▶ YOUR TASK
For the data below, transcribe the part that opens with the line containing "Радио Благоевград представя" and closes with the line containing "Лазерная клавиатура Bluetooth", exactly and with no pictures.

▶ DATA FOR THIS EXERCISE
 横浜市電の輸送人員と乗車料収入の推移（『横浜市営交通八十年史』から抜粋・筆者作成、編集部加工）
...
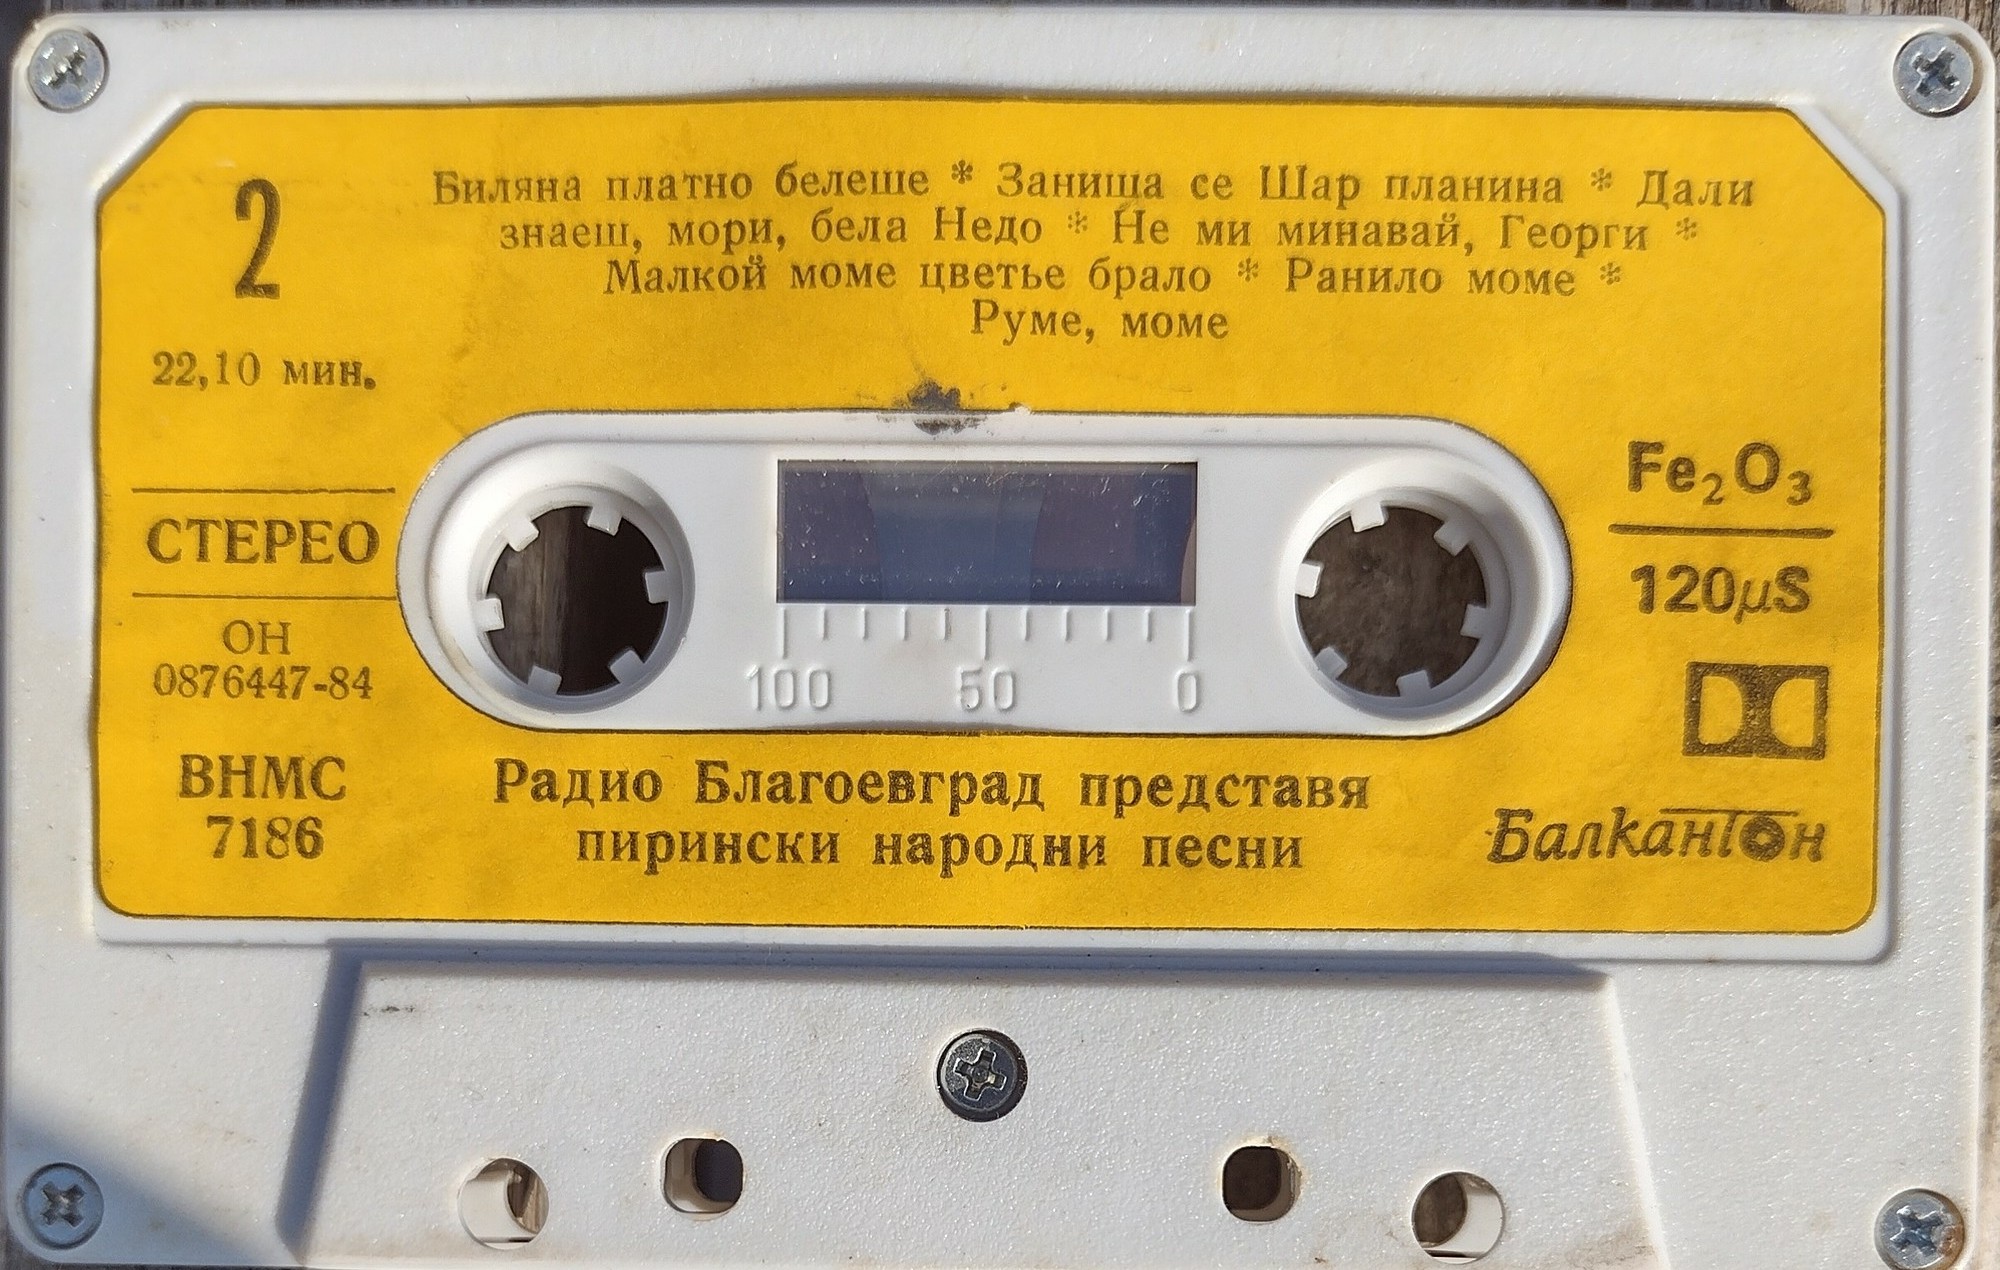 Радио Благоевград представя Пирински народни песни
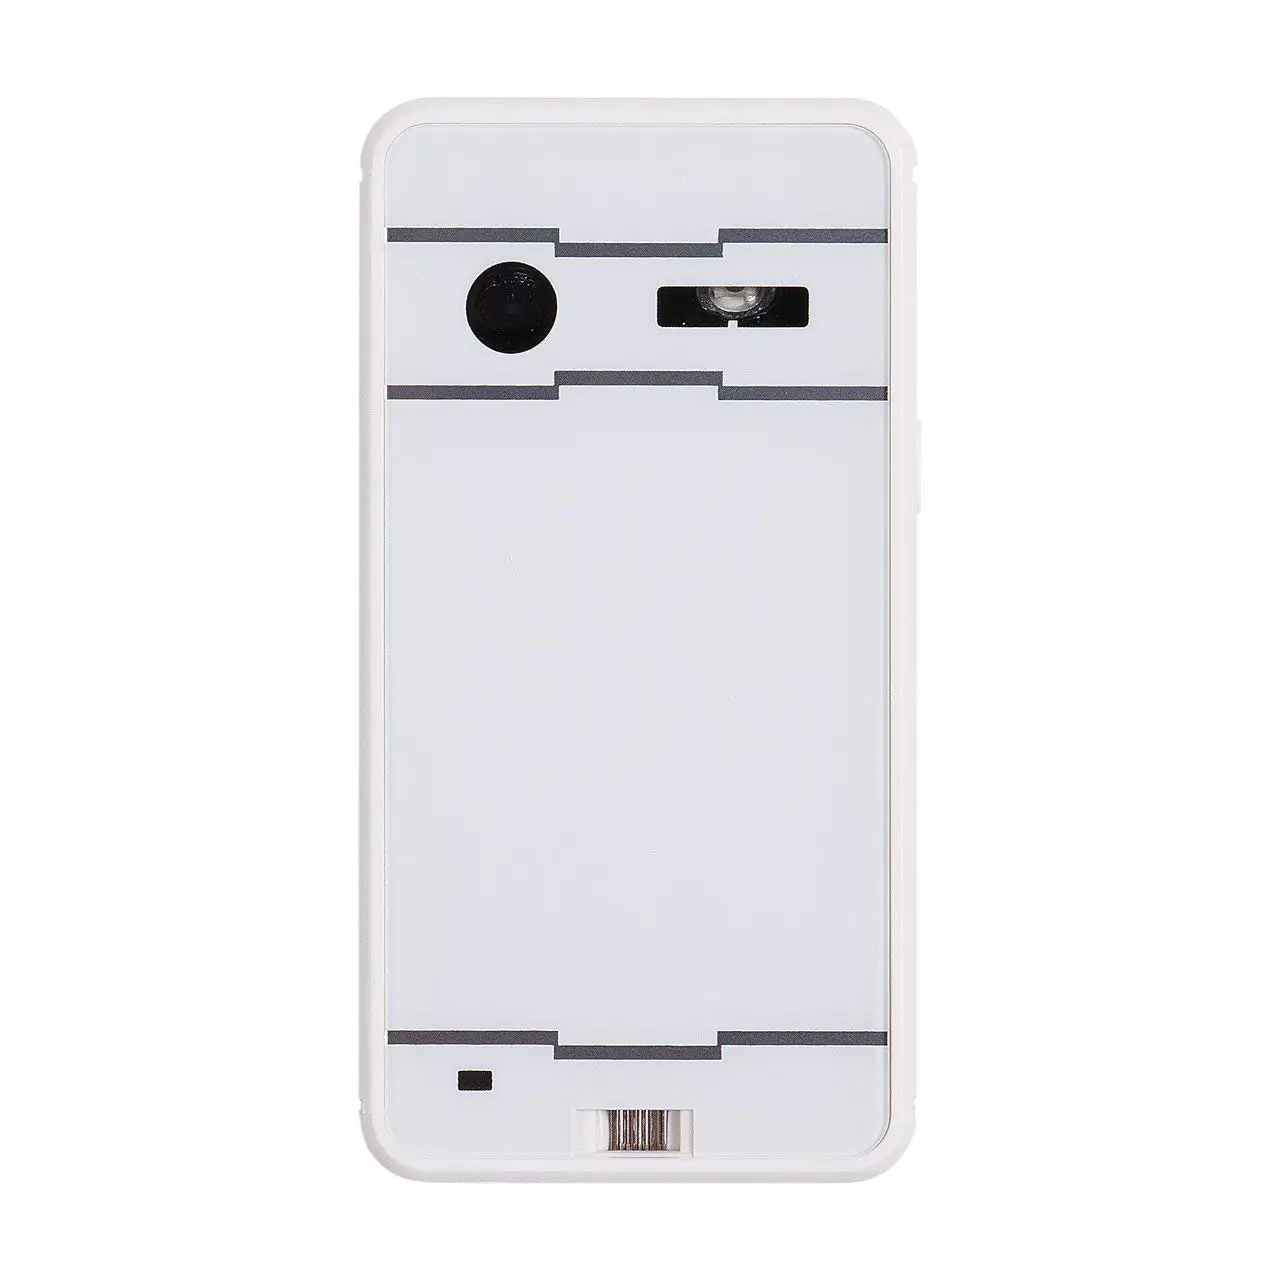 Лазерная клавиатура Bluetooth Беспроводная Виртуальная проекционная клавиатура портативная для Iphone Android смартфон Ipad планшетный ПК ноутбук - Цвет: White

▶ TASK ANSWER
 Радио Благоевград представя Пирински народни песни
 Лазерная клавиатура Bluetooth Беспроводная Виртуальная проекционная клавиатура портативная для Iphone Android смартфон Ipad планшетный ПК ноутбук - Цвет: White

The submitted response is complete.